ETA - good library administrators are worth their weight in gold partly because they don’t teach you how to do it in library school. I don’t want a director that isn’t a librarian and doesn’t understand the point of it all (I believe somebody took over a Florida library and was shocked! shocked! that 50% of the employees weren’t even there to deal with the public at all! You know, tech services, shelves, etc…) but I also don’t want somebody who can’t bring in the money. Our director will probably be retiring soon, and I don’t know what’s going to happen - he’s been there since before I was born and every year he’s worked there he’s brought in more money from County Council. I suppose ideally you want somebody with an MLIS and an MBA. My dad suggested I go back and get a business degree, but hell no do I not want to be in administration!
I had a good management class and a good reference one. I had a horrible adult public services, cataloging and another one so bad, I cannot now recall what its topic was.
I guess I was an exceptional child, as I loved going to the big libraries and this translated to me missing the feel of wandering around a big university library on a regular basis these days. I like the feel of working in larger libraries, and wish that some day I can work in one of those six floor main branches in a library system; academic or public doesn’t matter as of yet.

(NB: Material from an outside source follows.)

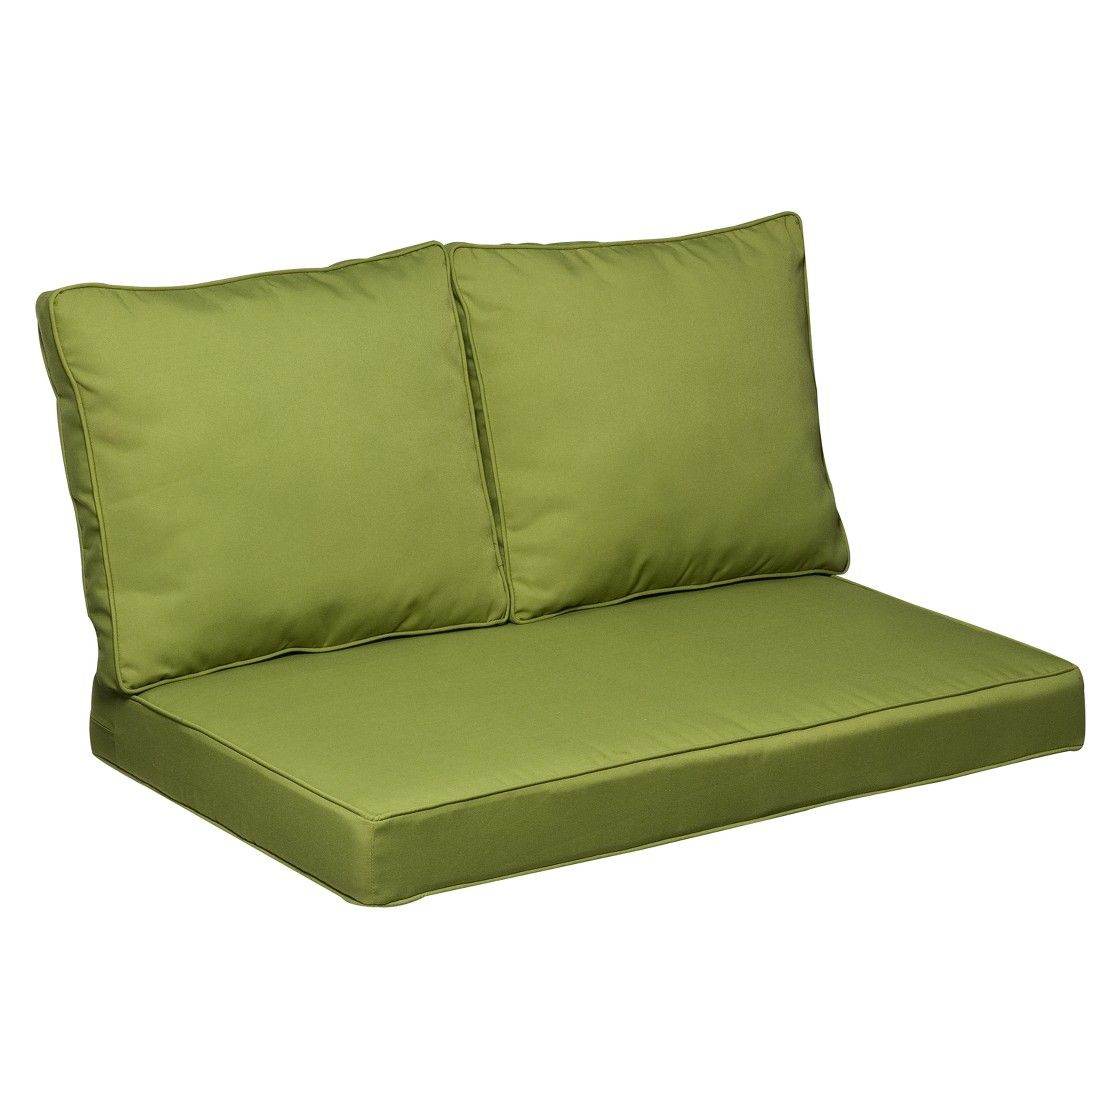 Belmont 3 Piece Brown Wicker Loveseat Replacement Cushion

Yes and no. You learn a lot about hierarchy and not doing what’s obviously going to be an ethical problem for the library, but didn’t talk a ton about things like outreach, convincing others that funding is necessary and that programs are important, or balancing budgets beyond forcing us to make up imaginary budgets. It wasn’t super useful, but it gave the handful of ignoramuses an idea of what management is supposed to be doing.
Zsofia: from what I understand, the adjacent county library system to my county is actually run by an MBA, and you can tell; it’s more like going into a store than a public library. There’s a fee for almost everything, the reciprocal borrowing policy between counties doesn’t work there beyond a select segment of the books, and the smaller branches feel more like a small multi-purpose customer service section of a Target than a library. It’s very cold and unwelcoming, IMO, and the jobs are a lot more specialized. They also have some weird hiring practices for librarians, like not telling you what type of librarian position you’re interviewing for until the second round of interviews. Seriously.
We make a point of taking our kids to the UCSD and SDSU libraries fairly often. We have alumni privileges at UCSD, so we let them pick out cool art books, and references for their book reports at school, etc.
One of my most valuable experiences as an undergrad was doing lit. searches and library runs for one of my professors. (This was pre-internet, of course.) I had a much easier time with my own research papers as an undergrad and grad student as a result.
When I was in university, the stereotype of the graduating senior who had never entered the campus library had some truth to it. They may not have been scared, but rather avoided it in the sense that they avoided any studying at all.
Ah, you guys have got me to thinking back over my enforced library time. Those were some good years.
The library in my hometown in Spain has both. When the librarians can’t find something in the computer and/or it’s an old book, they jump on the cards.